> WHAT THE TASK ASKS: Without reproducing any image, print the listing below exactly.

> SUPPLIED INFORMATION:

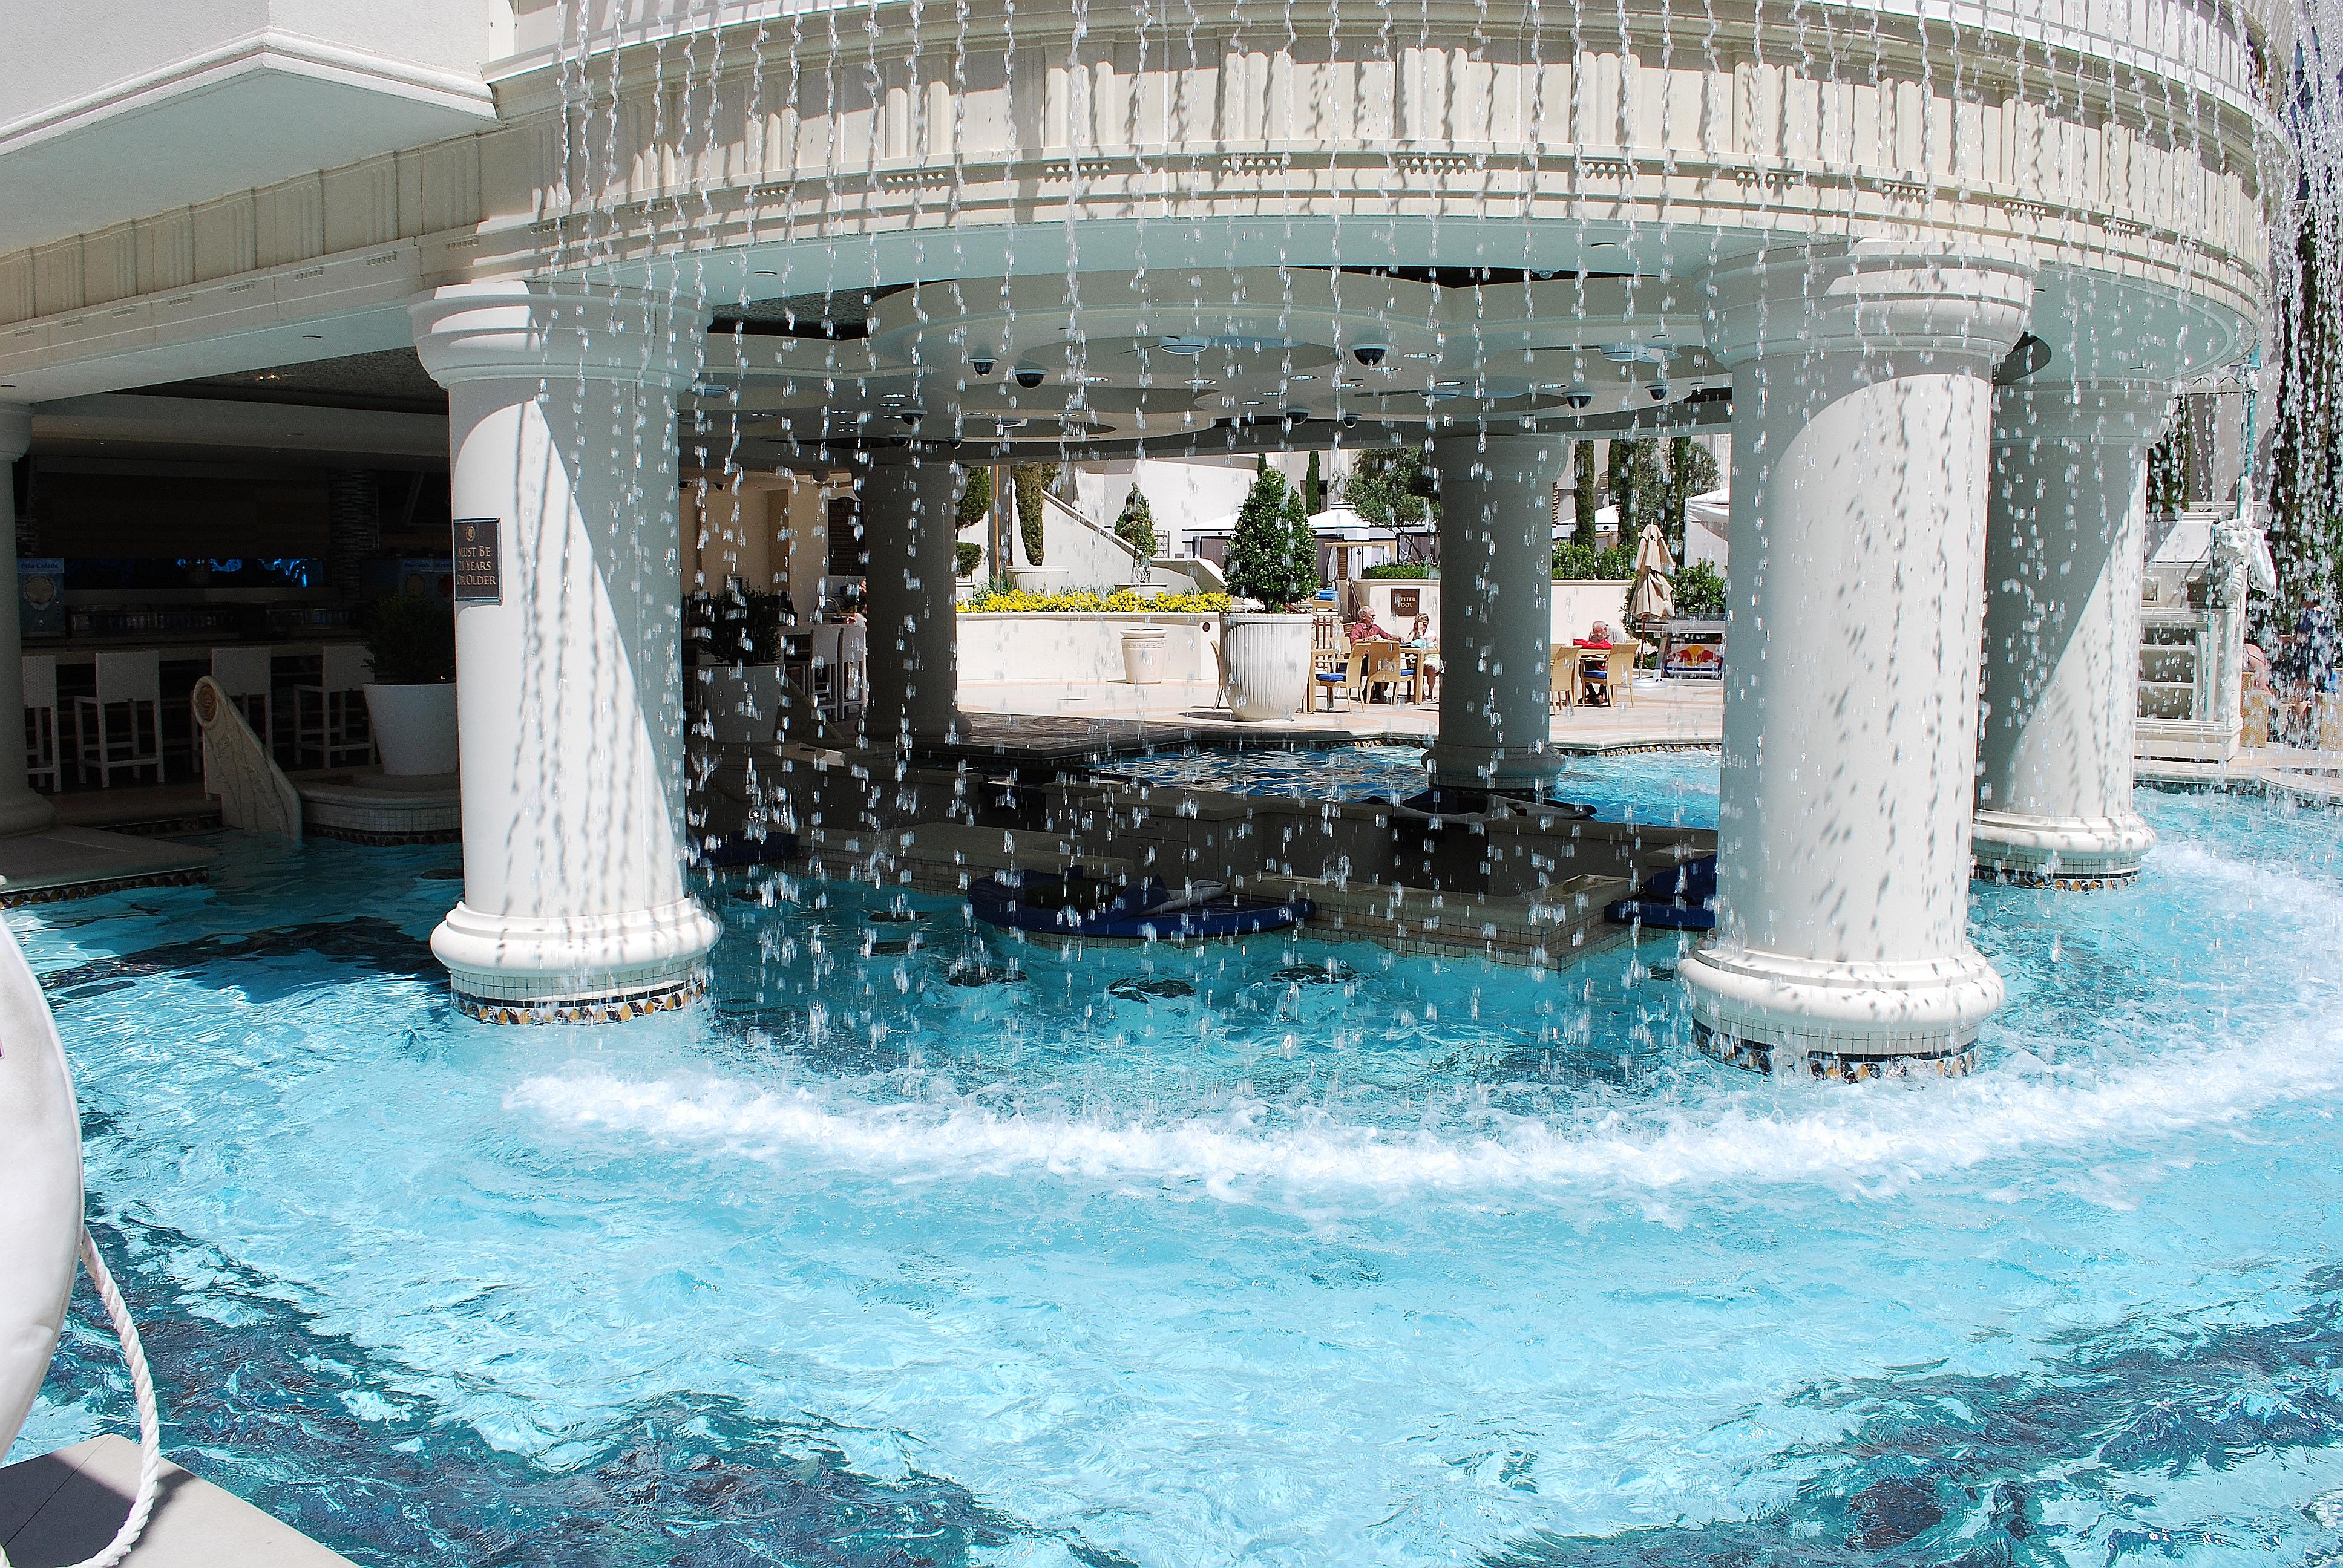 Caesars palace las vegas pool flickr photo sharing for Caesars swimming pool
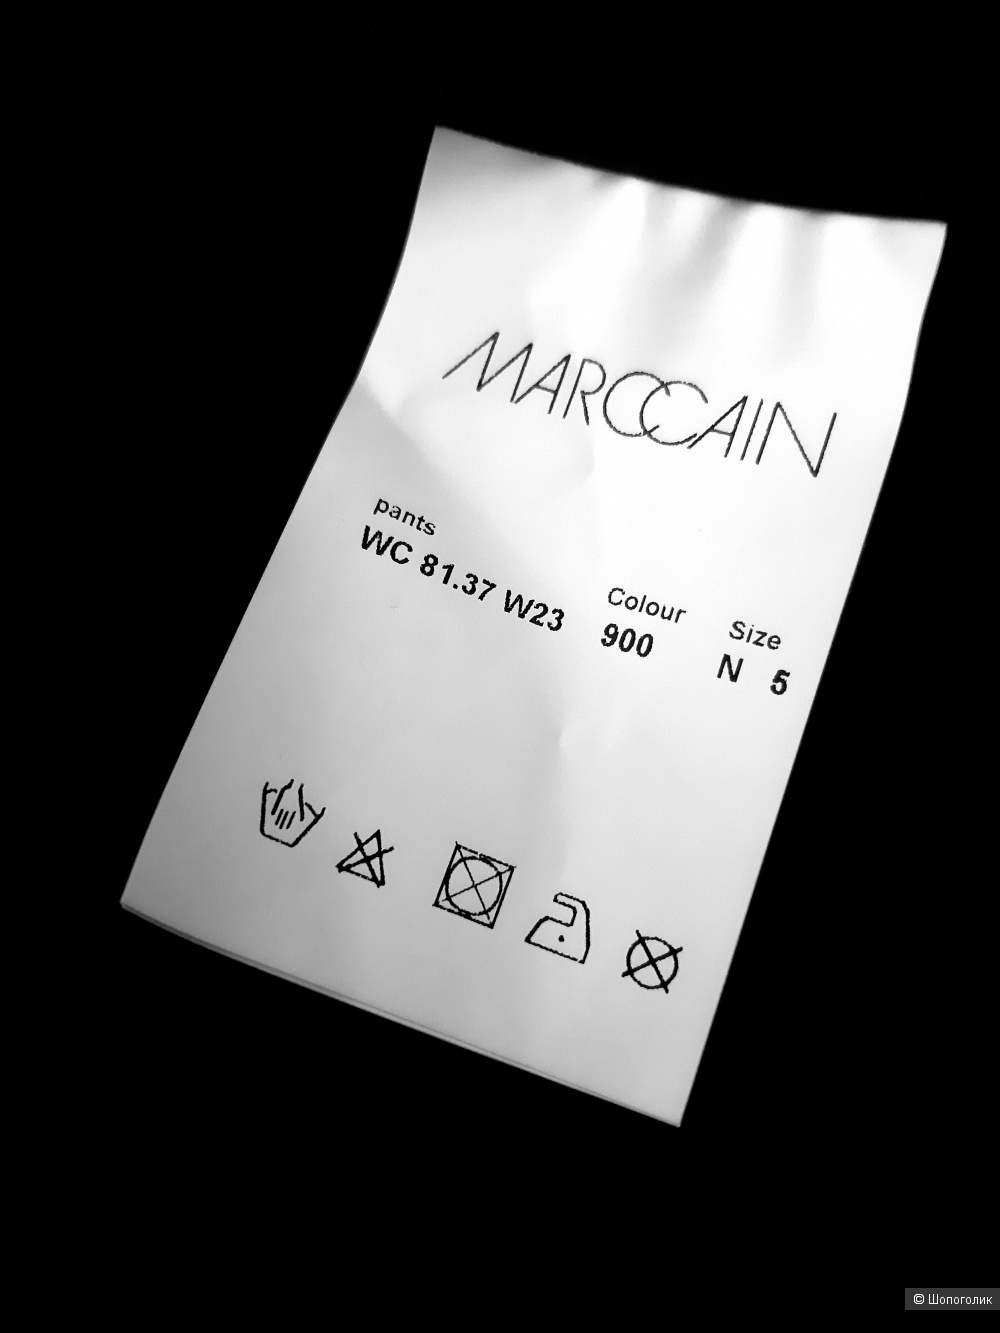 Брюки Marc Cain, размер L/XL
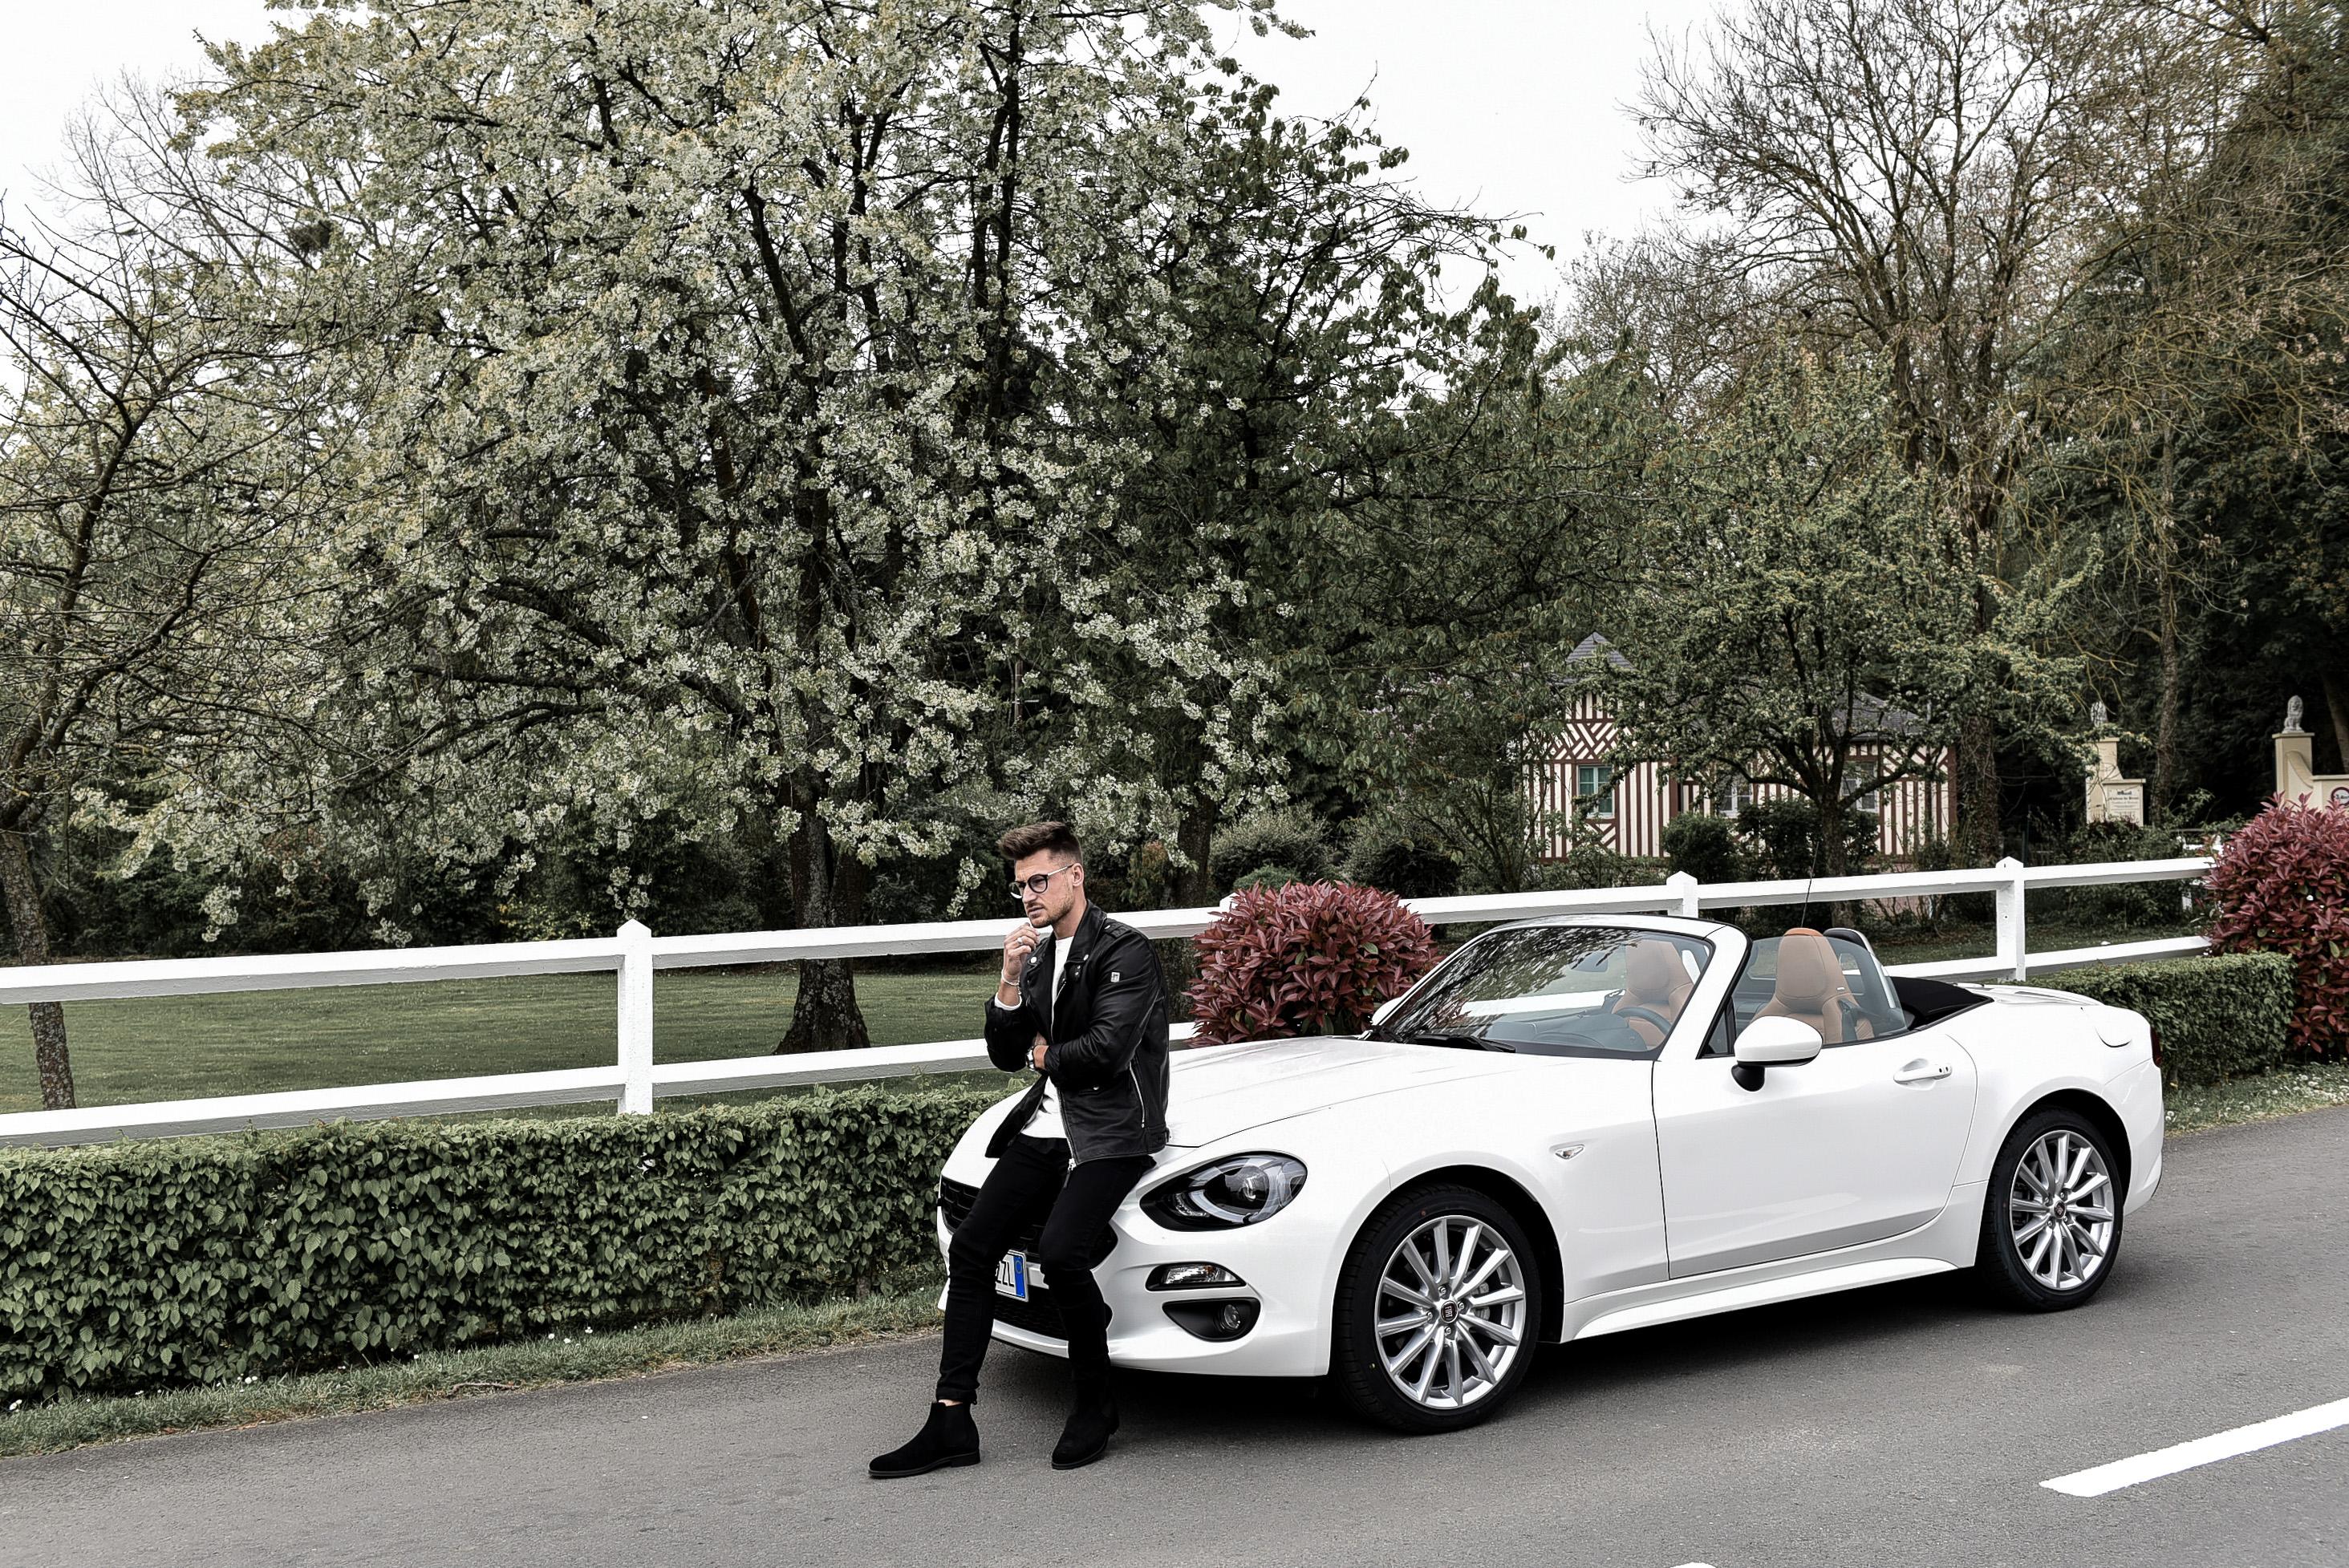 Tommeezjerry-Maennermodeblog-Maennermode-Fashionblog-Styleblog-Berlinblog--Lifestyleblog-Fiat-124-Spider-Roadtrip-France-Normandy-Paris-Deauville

> EXERCISE RESPONSE:
 Caesars palace las vegas pool flickr photo sharing for Caesars swimming pool
 Брюки Marc Cain, размер L/XL
 Tommeezjerry-Maennermodeblog-Maennermode-Fashionblog-Styleblog-Berlinblog--Lifestyleblog-Fiat-124-Spider-Roadtrip-France-Normandy-Paris-Deauville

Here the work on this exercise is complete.